Obama Sides With Bush in Spy Case
The Obama administration fell in line with the Bush administration Thursday
when it urged a federal judge to set aside a ruling in a closely watched spy case weighing
whether a U.S. president may bypass Congress and establish a program of eavesdropping on
Americans without warrants.
In a filing in San Francisco federal court, President Barack Obama adopted the same
position as his predecessor. With just hours left in office, President George W. Bush late
Monday asked U.S. District Judge Vaughn Walker to stay enforcement of an
important Jan. 5 ruling admitting key evidence into the case.
Thursday's filing by the Obama administration marked the first time it officially
lodged a court document in the lawsuit asking the courts to rule on the constitutionality
of the Bush administration's warrantless-eavesdropping program. The former president
approved the wiretaps in the aftermath of the Sept. 11, 2001, terror attacks.
"The Government's position remains that this case should be stayed," the
Obama administration wrote (.pdf) in a filing that for the first time made clear the new
president was on board with the Bush administration's reasoning in this case.
The government wants to appeal Walker's decision to the 9th U.S. Circuit Court of
Appeals in San Francisco, a legal maneuver requiring Judge Walker's approval. A hearing in
Walker's courtroom is set for Friday.
The legal brouhaha concerns Walker's decision to admit as evidence a classified
document allegedly showing that two American lawyers for a now-defunct Saudi charity were
electronically eavesdropped on without warrants by the Bush administration in 2004.
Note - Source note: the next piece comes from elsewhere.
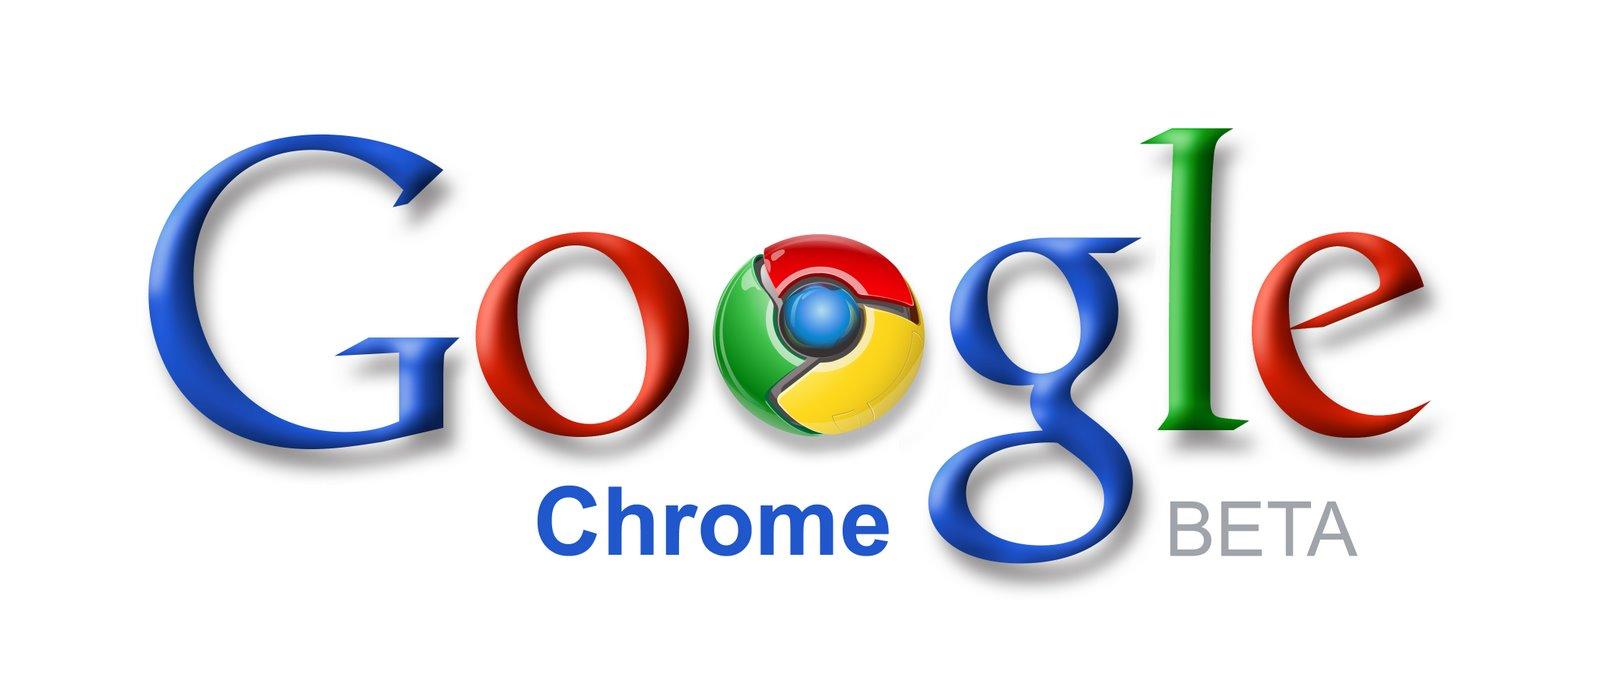 Futura atualização do Google Chrome avisará qual aba está tocando música

The lawyers Wendell Belew and Asim Ghafoo sued the Bush administration
after the U.S. Treasury Department accidentally released the Top Secret memo to them. At
one point, the courts had ordered the document, which has never been made public, returned
and removed from the case.
The document's admission to the case is central for the two former lawyers of the
Al-Haramain Islamic Foundation charity to acquire legal standing so they may challenge the
constitutionality of the warrantless-eavesdropping program Bush publicly acknowledged in
2005.
The Friday hearing is needed, because disputes with pretrial decisions generally
require the trial judge to permit an appeal.
The Obama administration is also siding with the former administration in its legal
defense of July legislation that immunizes the nation's telecommunications companies from
lawsuits accusing them of complicitity in Bush's eavesdropping program, according
to testimony last week by incoming Attorney General Eric Holder.
That immunity legislation, which Obama voted for when he was a U.S. senator from
Illinois, was included in a broader spy package that granted the government wide-ranging,
warrantless eavesdropping powers on Americans' electronic
communications.
A decision on the constitutionality of the immunity legislation is pending before Judge
Walker in a separate case brought by the Electronic Frontier Foundation.